The path prefix does not need to form a complete path. For example, when creating a pipe with the parameter 'extractor.pattern'='root.aligned.1':
- root.aligned.1TS
- root.aligned.1TS.`1`
- root.aligned.100TS
the data will be synchronized;
- root.aligned.`1`
- root.aligned.`123`
the data will not be synchronized.
❗️start-time, end-time parameter description of extractor.history
- start-time, end-time should be in ISO format, such as 2011-12-03T10:15:30 or 2011-12-03T10:15:30+01:00
✅ a piece of data from production to IoTDB contains two key concepts of time
- event time: the time when the data is actually produced (or the generation time assigned to the data by the data production system, which is a time item in the data point), also called the event time.
- arrival time: the time the data arrived in the IoTDB system.
The out-of-order data we often refer to refers to data whose event time is far behind the current system time (or the maximum event time that has been dropped) when the data arrives. On the other hand, whether it is out-of-order data or sequential data, as long as they arrive newly in the system, their arrival time will increase with the order in which the data arrives at IoTDB.

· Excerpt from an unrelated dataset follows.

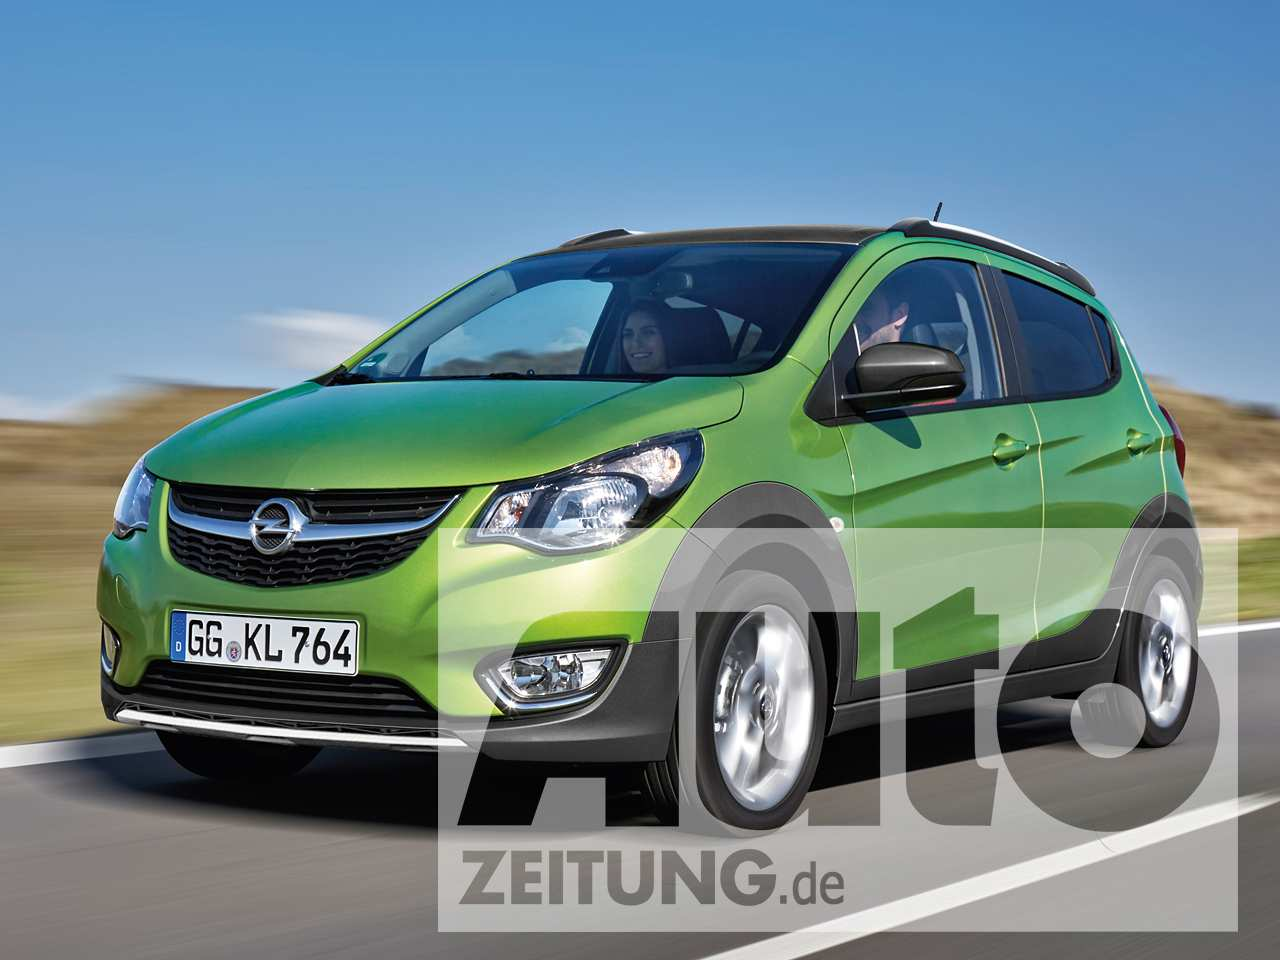 57 Great Neue Opel Bis 2020 First Drive by Neue Opel Bis 2020
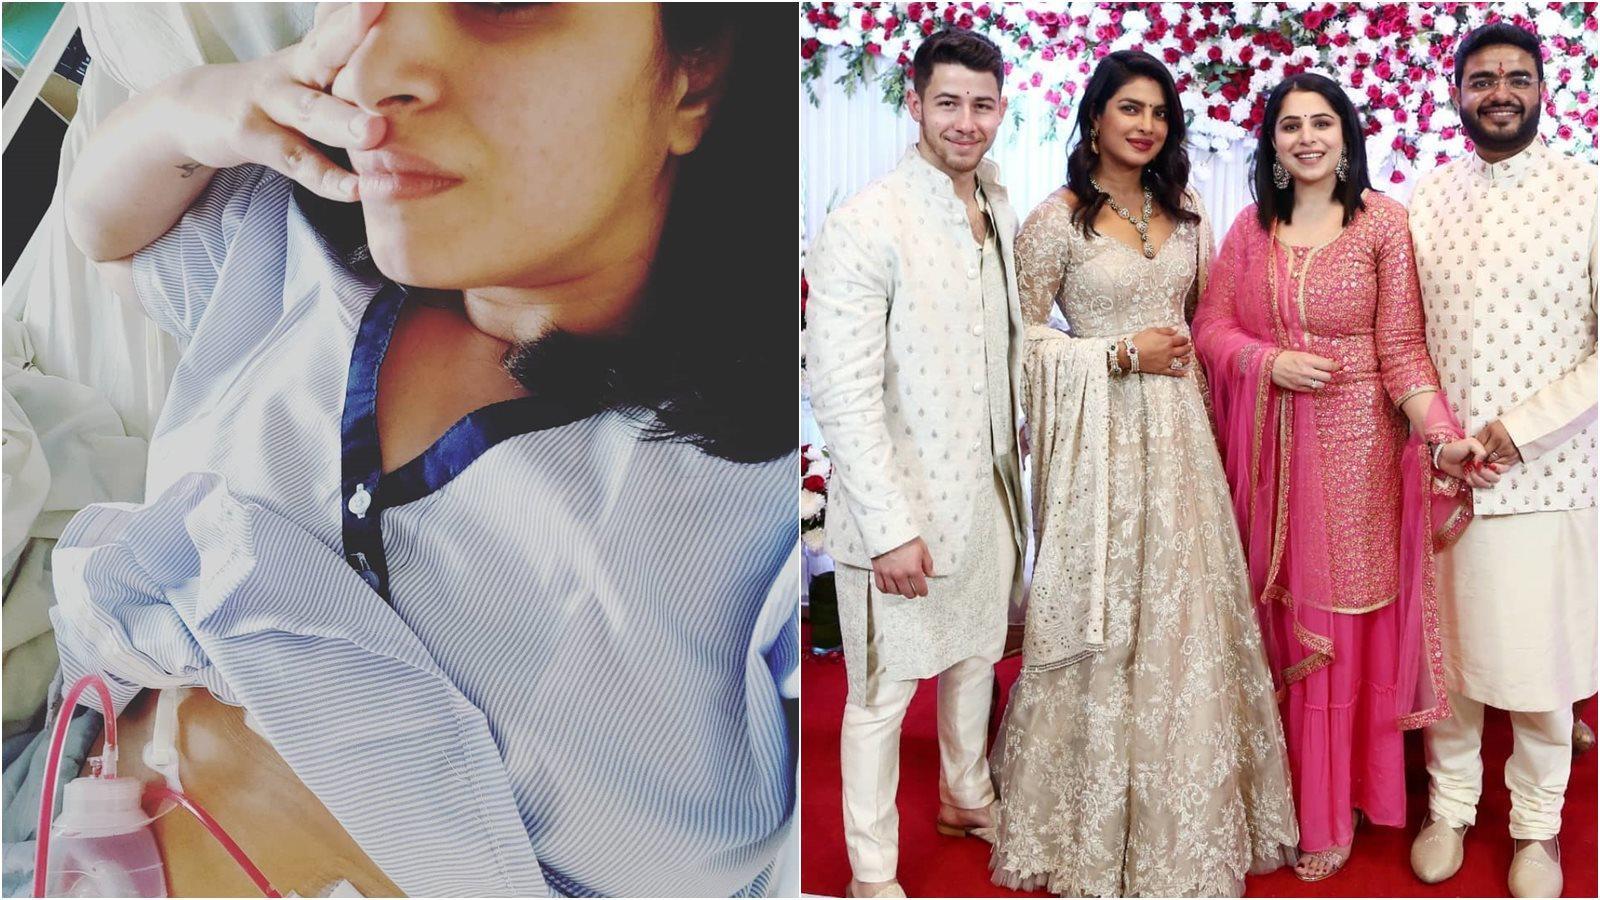 Priyanka Chopra Jonas' brother Siddharth's wedding postponed after  bride-to-be undergoes emergency surgery?

💎 the work of iotdb-extractor can be split into two stages
- Historical data extraction: All data with arrival time < current system time when creating the pipe is called historical data
- Realtime data extraction: All data with arrival time >= current system time when the pipe is created is called realtime data
The historical data transmission phase and the realtime data transmission phase are executed serially. Only when the historical data transmission phase is completed, the realtime data transmission phase is executed.**
Users can specify iotdb-extractor to:
- Historical data extraction(
'extractor.history.enable' = 'true'
,'extractor.realtime.enable' = 'false'
)- Realtime data extraction(
'extractor.history.enable' = 'false'
,'extractor.realtime.enable' = 'true'
)- Full data extraction(
'extractor.history.enable' = 'true'
,'extractor.realtime.enable' = 'true'
)- Disable simultaneous sets
extractor.history.enable
andextractor.realtime.enable
tofalse
📌 extractor.realtime.mode: mode in which data is extracted
log: in this mode, the task uses only operation logs for data processing and sending.
file: in this mode, the task uses only data files for data processing and sending.
hybrid: This mode takes into account the characteristics of low latency but low throughput when sending data item by item according to the operation log and high throughput but high latency when sending data in batches according to the data file, and is able to automatically switch to a suitable data extraction method under different write loads. When data backlog is generated, it automatically switches to data file-based data extraction to ensure high sending throughput, and when the backlog is eliminated, it automatically switches back to operation log-based data extraction, which avoids the problem that it is difficult to balance the data sending latency or throughput by using a single data extraction algorithm. 🍕 extractor.forwarding-pipe-requests: whether to allow forwarding of data transferred from another pipe.
If pipe is to be used to build A -> B -> C data sync, then the pipe of B -> C needs to have this parameter set to true for the data written from A -> B to B via the pipe to be forwarded to C correctly.
If you want to use pipe to build a bi-directional data sync between A <-> B, then the pipe for A -> B and B -> A need to be set to false, otherwise it will result in an endless loop of data being forwarded between clusters.
Pre-built Processor Plugin
do-nothing-processor
Function: Do not do anything with the events passed in by the extractor.
key | value | value range | required or optional with default |
---|---|---|---|
processor | do-nothing-processor | String: do-nothing-processor | required |
pre-connector plugin
iotdb-thrift-sync-connector(alias:iotdb-thrift-connector)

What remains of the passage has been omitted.